-1

I'm using Databricks and I have a table with a list of event from various years. I want to return the event most recent to today's date from each year. For example,

Today's date is 6th May and my table is thus:

Year (int) Date (date) Event (str)
2021 2021-08-04 Ate apple
2021 2021-04-16 Flew plane
2020 2020-10-11 Swam 100 miles
2020 2020-03-07 Did backflip
2020 2020-01-01 Tidied room
2019 2019-09-30 Found 10 pence
2018 2018-02-22 Lost 10 pence

So I would want to return:

On this day in history your most recent achievements were:

Year Date Event
2021 2021-04-16 Flew plane
2020 2020-03-07 Did backflip
2018 2018-02-22 Lost 10 pence

Is there a neat way of doing this?...and by neat I mean, without creating extra columns or tables i.e. by comparing CURRENT_DATE to my Date field.

ben_al
  • 1
  • 1

1 Answers1

0

One way of achieving what you want might be to use the window function row_number() to order matching event dates within each year (window), then pick only the most recent date each year.

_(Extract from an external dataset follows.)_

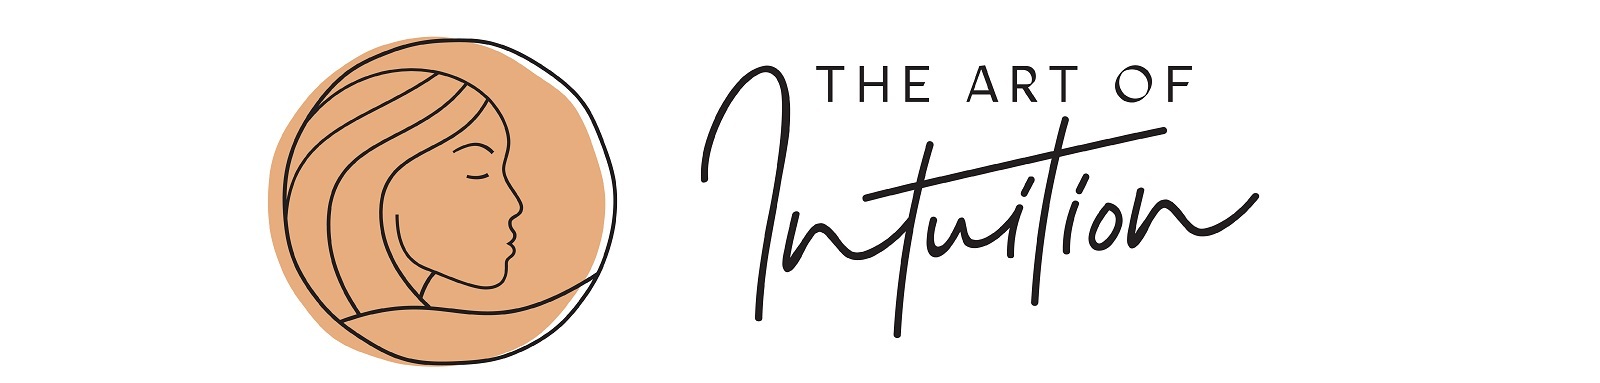 The Art of Intuition Show

-- Use a common table expression to pre-select and order dates we want
with past_events as ( 
   select 
      Date, Event, 
      -- within each year, order by the day since the beginning of that year
      -- in the descending order, and assign row numbers accordingly
      row_number() over (partition by year(Date) order by dayofyear(Date) desc) rn
   from some_table
   -- only pick days from each year in the past that's no later than today
   where dayofyear(Date) <= dayofyear(current_date())
   and   year(Date) < year(current_date())
) 
select year(Date), Date, Event
from past_events
where rn = 1 -- now pick only first (most recent) date of each year
order by Date desc

This is "paper code" as I have no way of testing it with Databricks, but it should give you the basic idea.


You may need to quote column names if Date or Event happen to be reserved words in Databricks.

mustaccio
  • 28,207
  • 24
  • 60
  • 76